Ahora toca el turno de tomar dirección a la Santa Iglesia Concatedral, y entre el bullicio de los bares, transita serena y en silencio una procesión humilde en todos los aspectos, menos en el espiritual, lejos quizás por algunos motivos del interés turístico, pero con un inmenso interés religioso.

Muchos de los que vamos debajo de una túnica, debajo del paso, o quizá todos, reconocemos el ambiente festivo que se respira en las calles del centro y que henos vivido y disfrutado en primera persona, pero hoy no hemos elegido ese ambiente, hoy hemos elegido mantenernos en silencio en medio del ruido, intentar mantenernos en la presencia del Señor durante apenas un par de horas con nuestros problemas y nuestras penas, nuestras debilidades y miserias, también con nuestros proyectos, nuestras ilusiones y esperanzas. En nuestras mente aquéllos que se fueron, pero también aquéllos que siguen a nuestro lado y a los que queremos.

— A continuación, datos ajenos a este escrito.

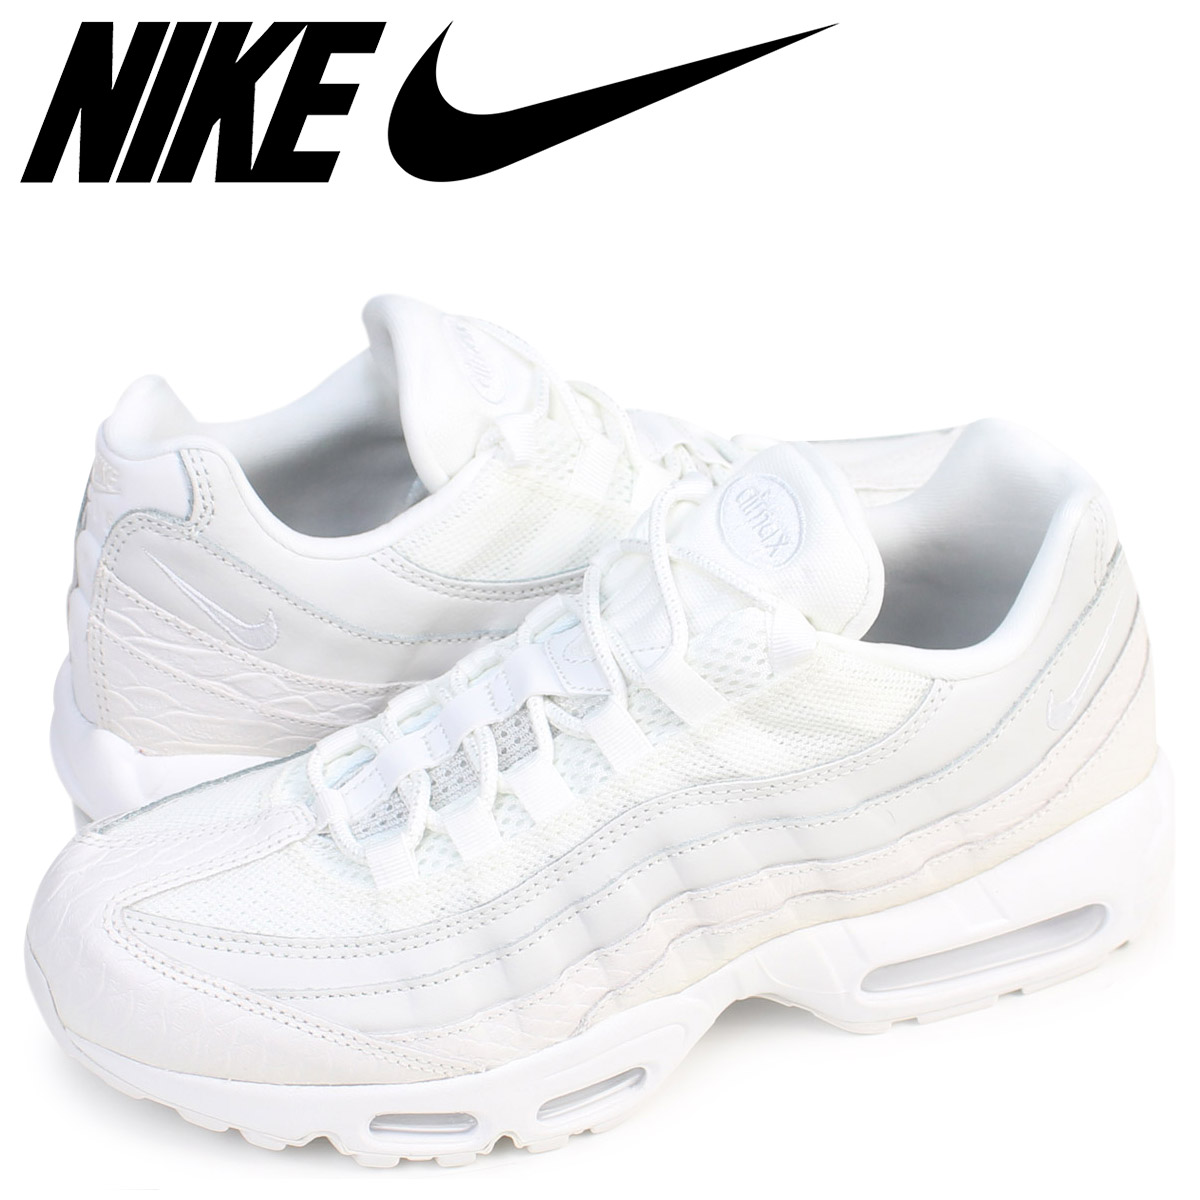 NIKE Kie Ney AMAX 95 sneakers AIR MAX 95 PREMIUM 538,416 100 men's shoes white

Una vez llegamos de vuelta a la Ermita, sabemos que llega el momento en el que la emoción aviva al alma y, entre la oración y el canto, se realiza el descendimiento del cuerpo inerte del Cristo del Calvario. No es espectacular, no es algo que inunde los sentidos, tal y como estamos acostumbrados a día de hoy. Al contrario, es un acto sobrio, sereno, profundo, plásticamente bello y sobrecogedor para aquéllos que hemos tenido la suerte de poder realizarlo y haber tenido en nuestras manos el peso del Señor. Los recuerdos brotan.

El acto concluye, el sacerdote bendice y despide. El silencio se rompe, pero no mucho. Cada cosa a su sitio, al fin y al cabo todos sabemos lo que hay que hacer, lo que cada uno tenemos que hacer.

Antes de marcharnos cada uno a nuestra casa, todos buscamos un instante para contemplar muy de cerca el rostro del Cristo en la urna de plata en la que mañana recorrerá de nuevo las calles en lo alto de unas preciosas andas de madera que ahora no impiden estar cara a cara con Él.

Y se acaba, otro año más por unos momentos te sientes parte de una gran familia que siente como tú, que vive la fe como tú, que reza como tú y que sabe que, de nuevo, formas con ellos parte de “Los Moraos”.